Frasi storiche, da “alea iacta est” a “taches al tram”: l’estate calda di Salvini

“Alea iacta est”, “Qui si fa l’Italia o si muore”, “Obbedisco”, “Paris vaut bien une messe!”, “Il fine giustifica i mezzi”.
La storia ci ha consegnato frasi immortali, parole che hanno attraversato i secoli come epigrafi scolpite nel marmo della memoria.
E poi un bel giorno arriva lui: il Vice Presidente del Consiglio Matteo Salvini, che, a futura memoria, regala al mondo un “Taches al tram”.
Altro che Giulio Cesare al Rubicone: qui siamo davanti a una nuova stele di Rosetta che i filologi del futuro dovranno decifrare.
L’epifania linguistica avviene a Milano, a margine di un sopralluogo, quando Salvini, per chiarire il suo pensiero sul conflitto russo-ucraino, dice: “Taches al tram. Vacci tu se vuoi. Ti metti il caschetto, il giubbetto, il fucile e vai in Ucraina”.
Un consiglio che, a sentirlo, sembra uscito non tanto dall’oracolo di Delfi quanto da quello di Trenord.
Ma siccome a Salvini non piace lasciare i concittadini in balia dei rebus, aggiunge: “Penso che Trump, con i suoi modi che a volte possono sembrare bruschi o irrituali, stia riuscendo laddove hanno fallito tutti gli altri: rimettere a un tavolo Putin e Zelensky… Sicuramente eserciti europei, riarmi europei, debiti comuni europei per comprare missili o ‘macronate’ varie sono superate”.
Un saggio di alta diplomazia che fa impallidire Talleyrand e, se fosse ancora vivo, anche Kissinger chiederebbe la tessera della Lega.
Non sono un fan di Giorgia Meloni, ma lo ammetto: in certi momenti quasi la compatisco.
Mentre lei cerca di mostrarsi statista nei consessi internazionali, al fianco dei grandi della Terra, nelle retrovie le esplode la granata del suo vice che – tra un selfie e l’altro – riesce a condannarla ad una figura da “Repubblica di Pulcinella” con una frase da “Bar Sport”.
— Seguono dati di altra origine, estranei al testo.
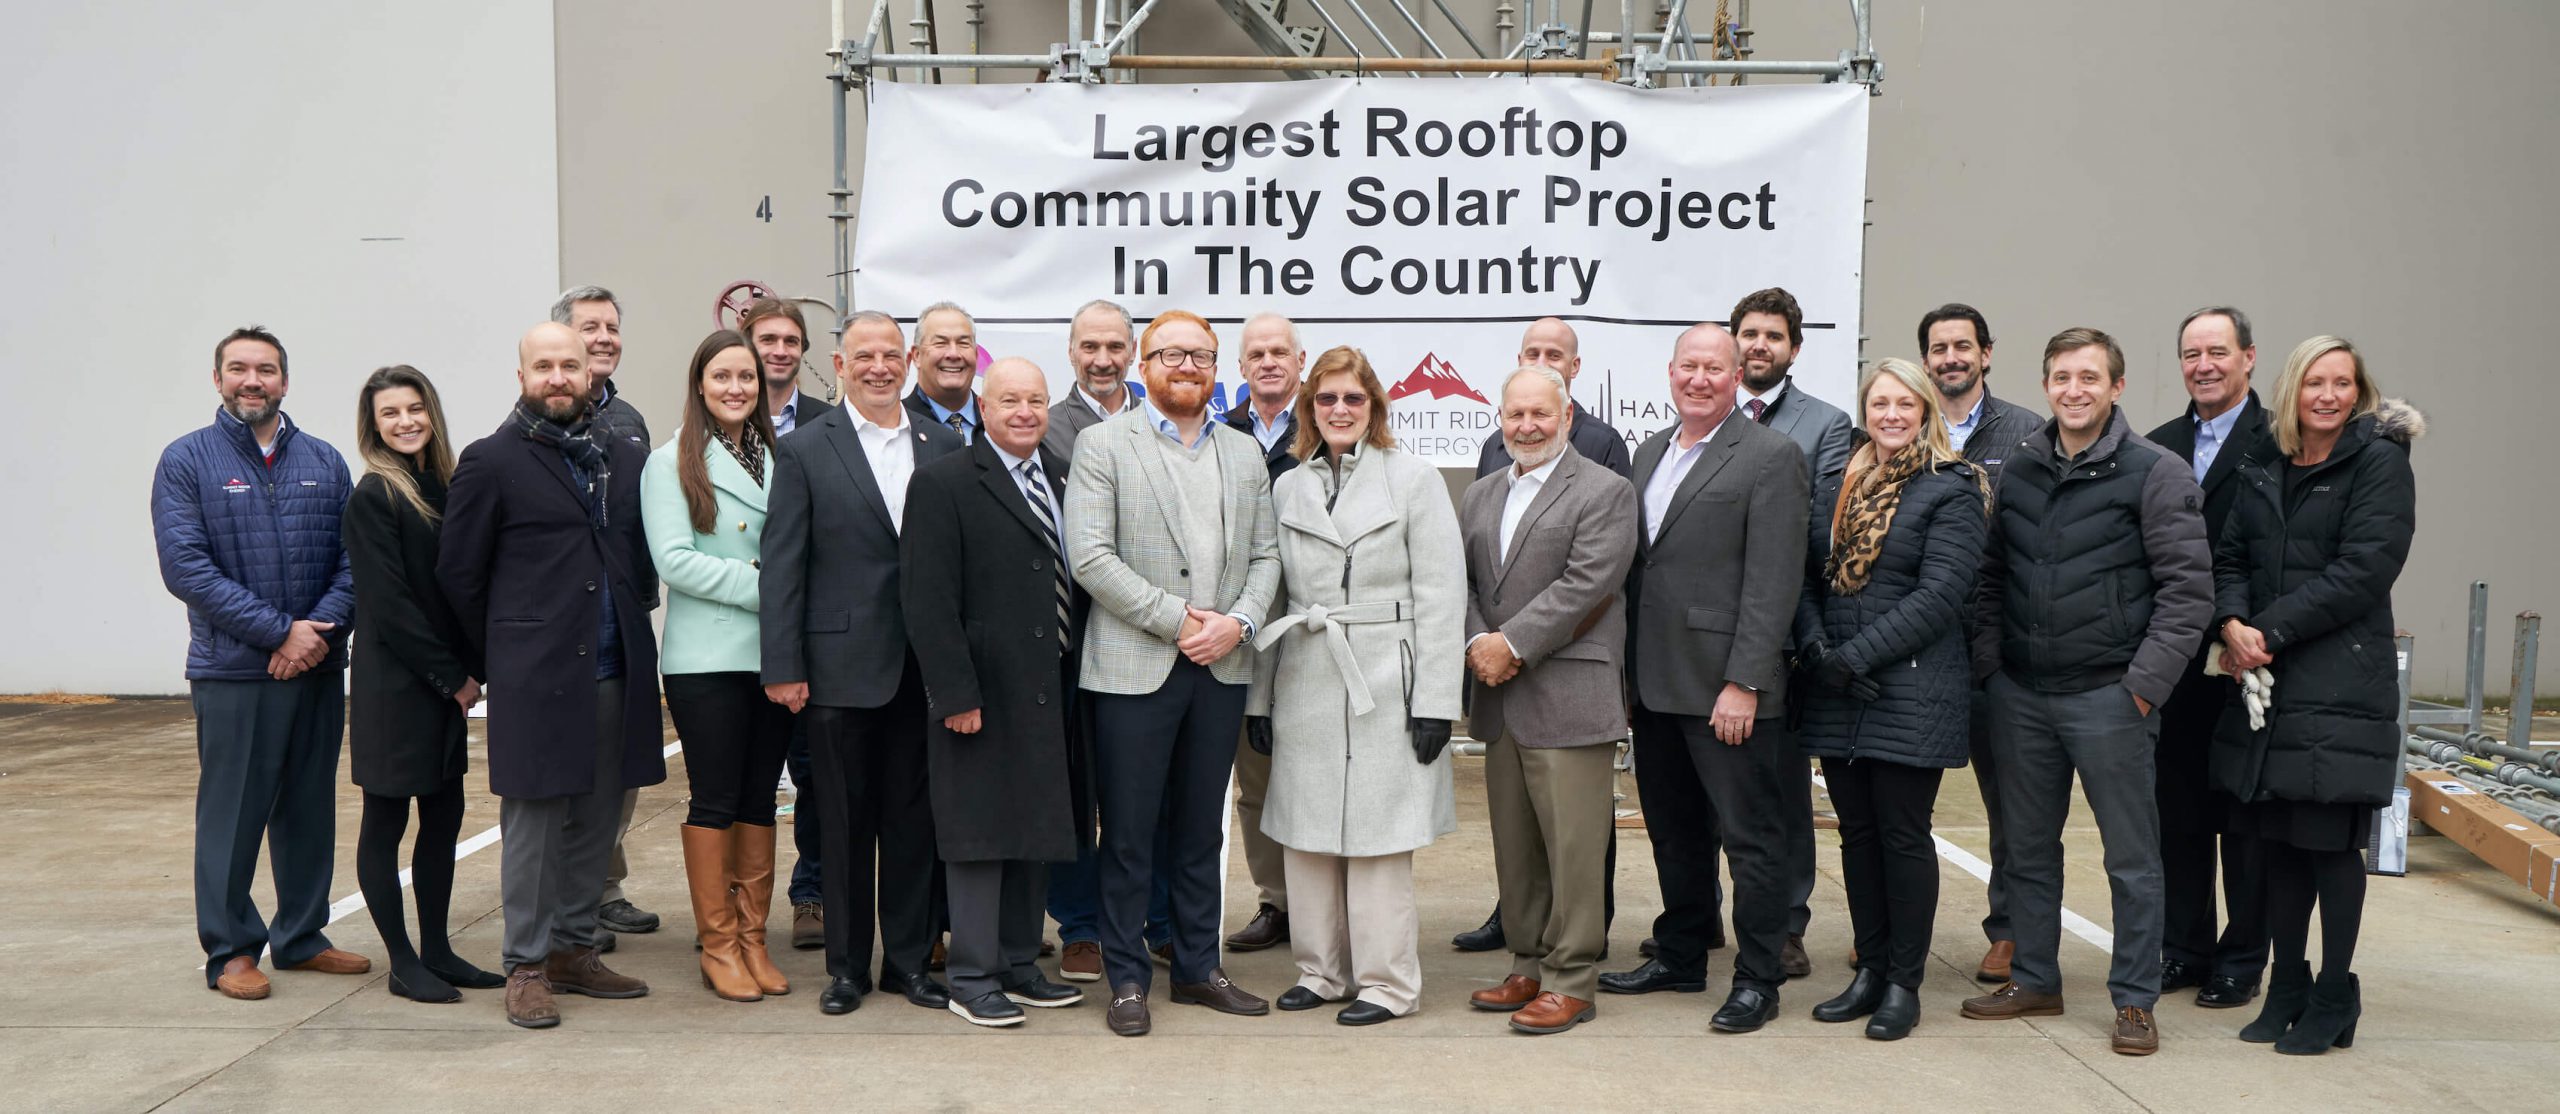 Summit Ridge Energy, Black Bear Energy planning 2.7-MW community solar project in Maryland

Con quel “Taches al tram” Salvini ha ottenuto un triplete: ha offeso personalmente Macron, ha demolito in un colpo solo la linea europea sul riarmo, e ha costretto Meloni, nel caso di una missione europea di peacekeeping, a dire “no grazie” in nome e per conto del geniale motto tramviario del suo vice.
Altro che commedia dell’arte: qui la politica italiana diventa vaudeville.
Ieri scrivevo che la pace in Ucraina, finora, l’hanno vista solo gli algoritmi di Borsa. Ma oggi, grazie a Salvini, almeno una certezza c’è: se mai Francia, Germania, Polonia e Inghilterra chiedessero all’Italia di partecipare a una missione europea, la risposta è già pronta.
Non serviranno vertici, cabine di regia, né briefing riservati: basta rispolverare quel “Taches al tram” scolpito nella pietra.
“Assolutamente no, se vuole ci va Macron, ma lui da solo penso, perché neanche un francese lo seguirebbe e neanche un soldato italiano, questa è la mia posizione da vicepresidente del Consiglio, da ministro, da segretario della Lega. I nostri figli non andranno a combattere in Ucraina, poco ma sicuro”.
Un inno che fa la gioia di Putin e scalda i cuori del pacifismo italiano.
Meloni, quindi, si ritrova marcata non solo da sinistra, ma pure dagli alleati di governo: un pressing “a uomo”, versione Serie C.
E così, già mi immagino gli autori dei manuali di storia intenti a riscrivere in fretta e furia le loro pagine per non privare i futuri studenti italiani di questa perla.
Accanto a Cesare e al suo “Alea iacta est”, accanto a Garibaldi e al suo “Obbedisco”, i nostri ragazzi impareranno a memoria anche il capolavoro del Capitano: “Taches al tram”.